WWW- "Inside Deep Throat" is a documentary about the making of "Deep Throat," www.xxxdeepthroat.com, and about its cultural and political ramifications. Made for $25,000, the picture went on to make $600 million, though its stars and its director saw none of that money. Along the way, it spawned countless wisecracks, entered the "Watergate" lexicon and became part of the cultural landscape, even for people (like me) who've never seen it.
The documentary does a fine job of capturing the film's historical moment, a moment very different from our own. In 1972, Americans were reeling from a decade of unprecedented social change that had taken the country from Doris Day to Linda Lovelace in the blink of an eye.

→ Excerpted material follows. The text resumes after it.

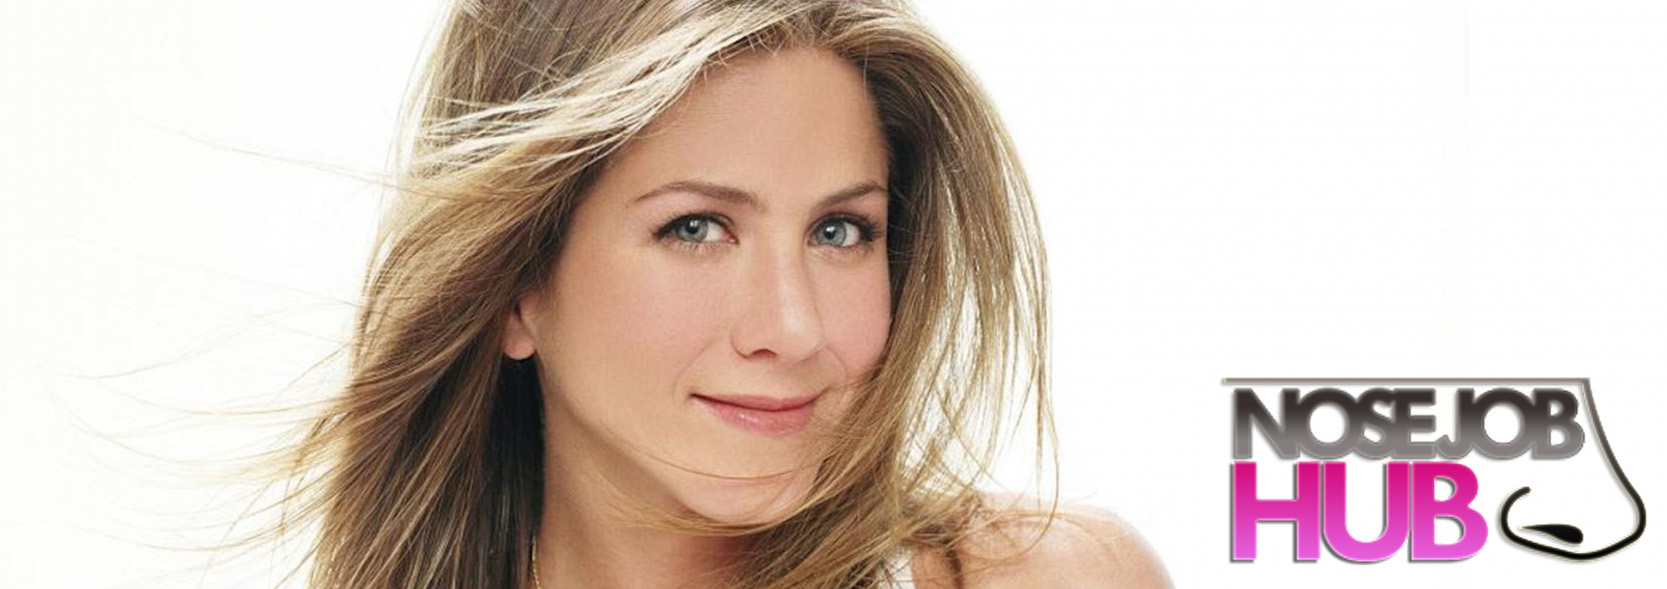 Jennifer Aniston Before and After Nose Job

Even among people who were fairly progressive, there was a sense of a culture spinning out of control in a disturbing way. Mainstream movies had become more explicit, and many believed that Hollywood and the porn industry would eventually join forces -- that pornography was, in a sense, the advance guard. Hence the legal maneuvering over "Deep Throat" had bigger implications, with one side trying to make a last stand against smut and the other side wanting to crash the gates.
In telling the story, the filmmakers interview several dozen people, who collectively give testimony to a cultural divide that, if anything, is as wide today as ever. What's fascinating is how freakish they all seem. On the right, there are prosecutors and anti-pornography activists saying loony things like, " 'Deep Throat' attacks the very core of our being." Prosecutor Larry Parrish says that images from "Deep Throat" are still in his head 30 years later, and he can't erase them. What a privileged glimpse into the censorious mind. At the same time, the people on the left seem like slobs, who either really believe there's nothing morally wrong with having sex on camera for money or who pretend they don't have moral qualms, in the hope of making these standards mainstream.
Both sides deserve each other. Both sides should live together on an island, where they can argue about sex all day, because they have that obsession in common. But heaven help us if one side ever wins the argument, because 90 percent of us would not like the world that either side would have us live in.
"Inside Deep Throat" is inevitably the story of Linda Lovelace (nee Linda Bozeman), who was discovered by porn director Gerard Damiano. With the enthusiasm of a Salzburg concertmaster upon encountering the young Mozart, Damiano recognized in Lovelace's gag-free oral technique the makings of an American classic. The rest is history. Alas, the funding for "Deep Throat" reportedly came from underworld sources. Thus, no one connected with the film ever made any money.
The tragedy of Lovelace's subsequent life is the most arresting part of the "Deep Throat" saga. It's also the one aspect most open to differing interpretations. After spouting the doctrines of free love and happy porn, she became an ally of feminists and an anti-pornography crusader. Then, not long before her death from injuries sustained in a car accident, she posed nude for a magazine. She was broke. She was ideologically confused. She lost jobs when her employes found out her identity. She was the victim, in a sense, of shame. But was this shame intrinsic; that is, the inevitable consequence of her behavior? Or was hers simply the story of a fragile woman who could not maintain her self-esteem in the face of the world's scorn? How you decide that question has a lot to do with how you see the world. I get the feeling Lovelace herself never quite decided. She knew she was a victim. That's about all she had figured out. If this were 200 years ago, Donizetti could do an opera about her.
In contrast to Lovelace, her "Deep Throat" co-star Harry Reems found a way to turn the page by embracing Christianity and becoming a real estate dealer in Utah. He looks sane and healthy and seems to suffer from no ideological confusion.
"Inside Deep Throat" is balanced enough to serve as a cautionary tale that cuts in several directions at once. Few people, upon seeing footage of Times Square in the 1970s, would want to return to the squalid, crime-infested days of pre-Giuliani New York. At the same time, it's difficult to look at the repressed faces of these prosecutors and federal agents and feel anything but misery that they and their ilk are in ascendance in today's America. It would be inaccurate to describe "Inside Deep Throat" as a plea for moderation, but it sure inspires a desire for moderation in its audience.